Sunday, 12 February 2017

From the archive: "John Wick"


In every wandering Zen master’s life, a little yin, a little yang. Destiny hasn’t exactly favoured Keanu Reeves in the decade since his participation in the Matrix trilogy made him a millennial posterboy: heading out East, he sent back a pricey flop in the form of 2013’s listless 47 Ronin update, while his presence in indie romcom Generation Um… drummed up a mere £24 of business in UK cinemas – an unthinkable state of affairs for a star once considered one of the industry’s hottest properties.

If John Wick, which is mostly yin, has been claimed as a comeback, that’s surely because it is in part all about a comeback – an action movie where the hero is stomped so far down that his only recourse is to start throwing punches. We join the eponymous Mr. Wick (Reeves) in the front seat of a crashed car, gutshot, shivering and holding onto memories of better days – halcyon moments, recalled in flashback, before cancer removed him of his beloved, and the ill-disciplined son of a Russian mobster (Alfie Allen) slaughtered the puppy wifey left him as a posthumous present.

This last plot point is weirdly crucial to John Wick; it’s presented, utterly without irony, as an extension of the dumb-loyal puppy love Keanu once inspired – and possibly still inspires – in fanboys and girls alike. The rampage Wick subsequently embarks upon can therefore be underpinned and tempered by audience knowledge that this ruthless killer, with his basement full of guns, did once, unlike his foes, care deeply for such a cute ickle creature.

The set-up is as pared-down as the hero’s name, but the film gets stranger, and slightly less persuasive, as Wick emerges from seclusion and heads into a comic-book Gotham to strike at the heart of the Russians’ empire. Suddenly, we find ourselves in vaguely Lynchian nightclubs overseen by Ian McShane (!) and accessed via gold coins that bear no real relation to any earthly currency.

The stuntman partnership of Chad Stahelski (who directs) and David Leitch (who produces) add several more cartoonish flourishes to this meat-and-potatoes scenario. Their appreciably scrappy, non-virtual scraps have been choreographed, shot and edited in such a way as to allow us to see and feel every hit; during one shootout in the aforementioned nightclub, Wick is witnessed moving so fast he has time to reload his gun between blowing away whole armies of bad guys.

Is John Wick the Point Blank-like pop-art masterpiece certain members of the Twitterati have positioned it as? Not really – if anything, it’s closer to a post-John Woo knockoff like 1995’s Crying Freeman, and still a long way from the thespy muscularity of the recent Run All Night. Stahelski gives it some semblance of unifying style – a muted but distinctive blue-grey colour palette, a doomy Marilyn Manson dirge moving proceedings along – but it’s thin-to-threadbare at best, hardly distinguishable from that of a half-dozen films that went straight-to-VHS circa 1996.

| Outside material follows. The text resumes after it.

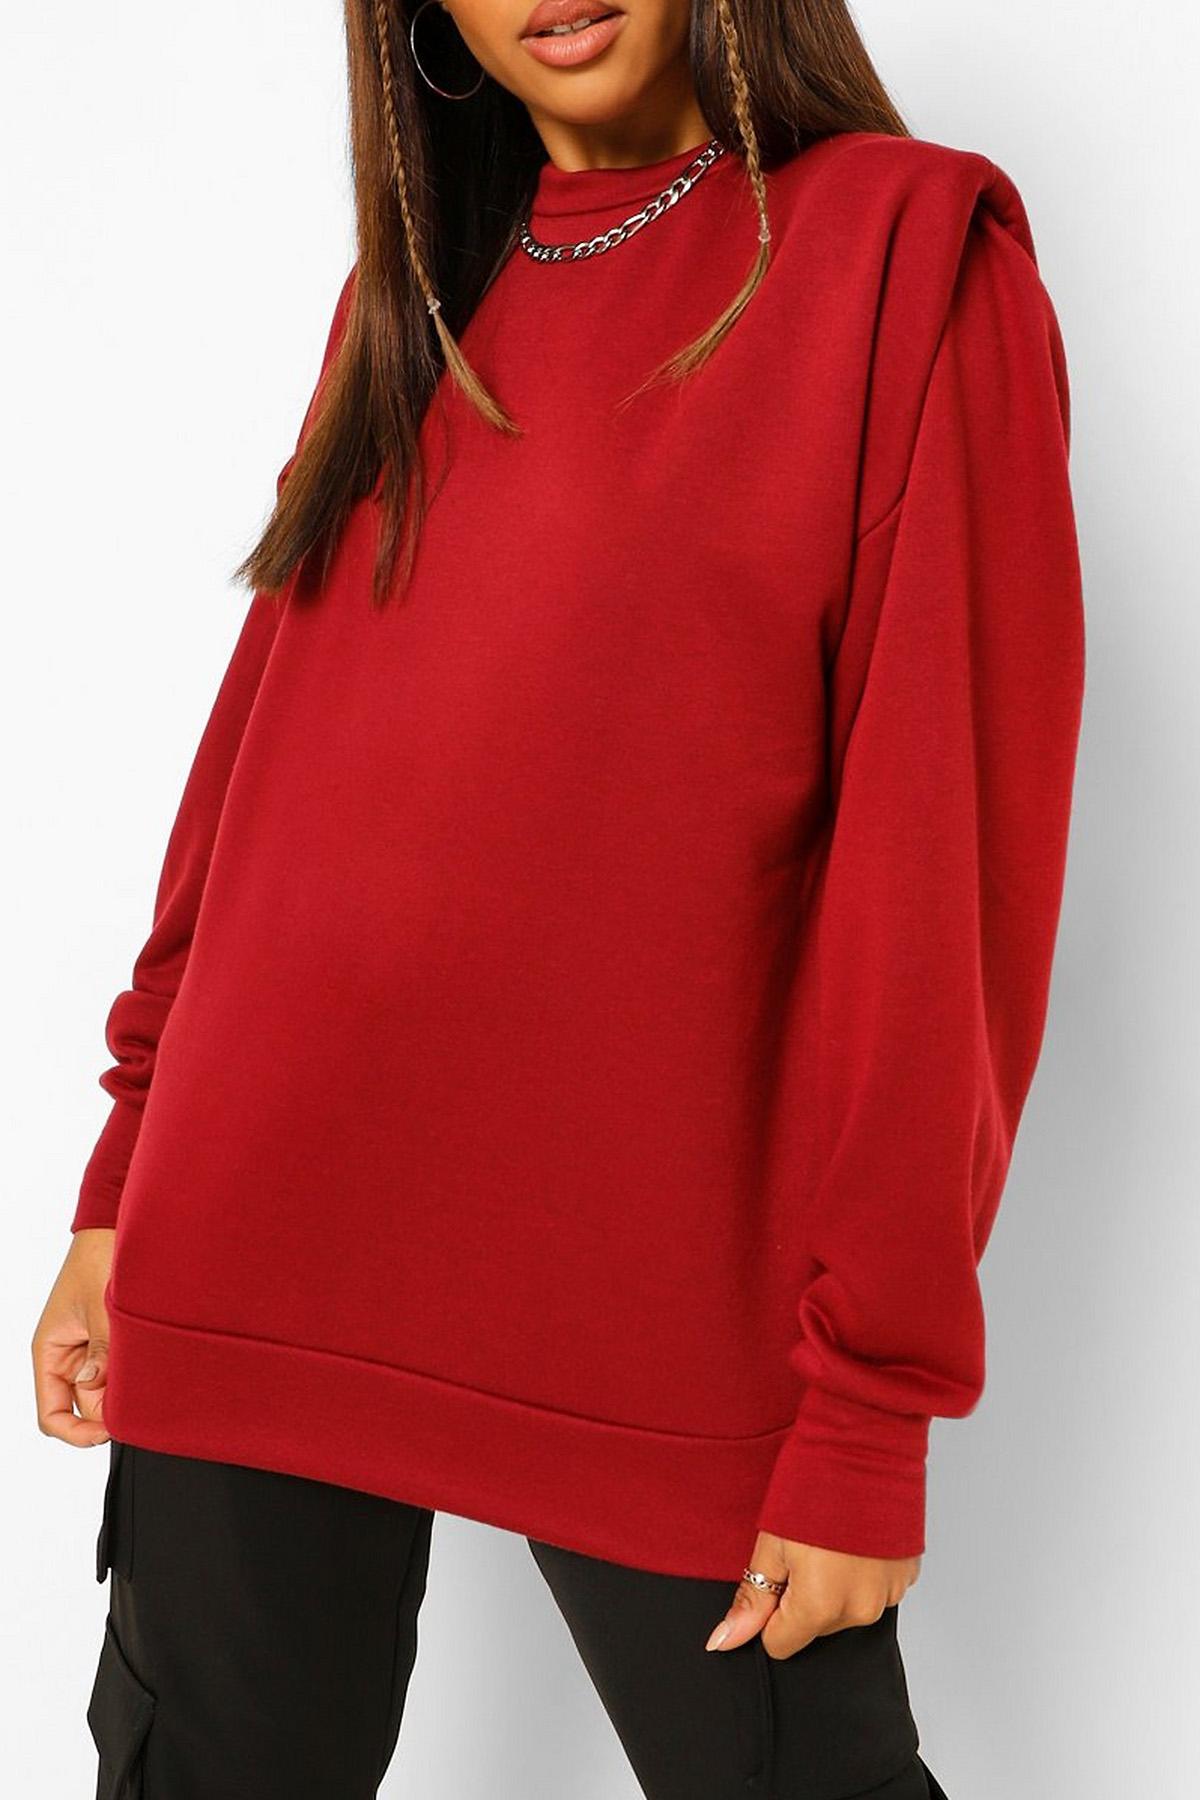 XHAN - Bordo Vatkalı Sweatshirt 1KXK8-44260-05

Still, that resemblance in itself is telling. What you cheer here is the rediscovery not just of a much-maligned star, but of a format the studios have lately blown out of proportion or entirely forgotten about: the passably satisfying B-movie that comes in somewhere close to established B-movie running time, yet still delivers the goods of a Saturday night. Set against the altogether steroidal Fast & Furious 7, such a bare-bones beat-‘em-up can’t help but seem rather quaint, and – in a manner Zen Master Keanu might appreciate – somewhat cleansing.

(April 2015)

John Wick is now available on DVD through Warner Bros.; a sequel, John Wick: Chapter 2, opens in cinemas nationwide - and will be reviewed here - on Friday.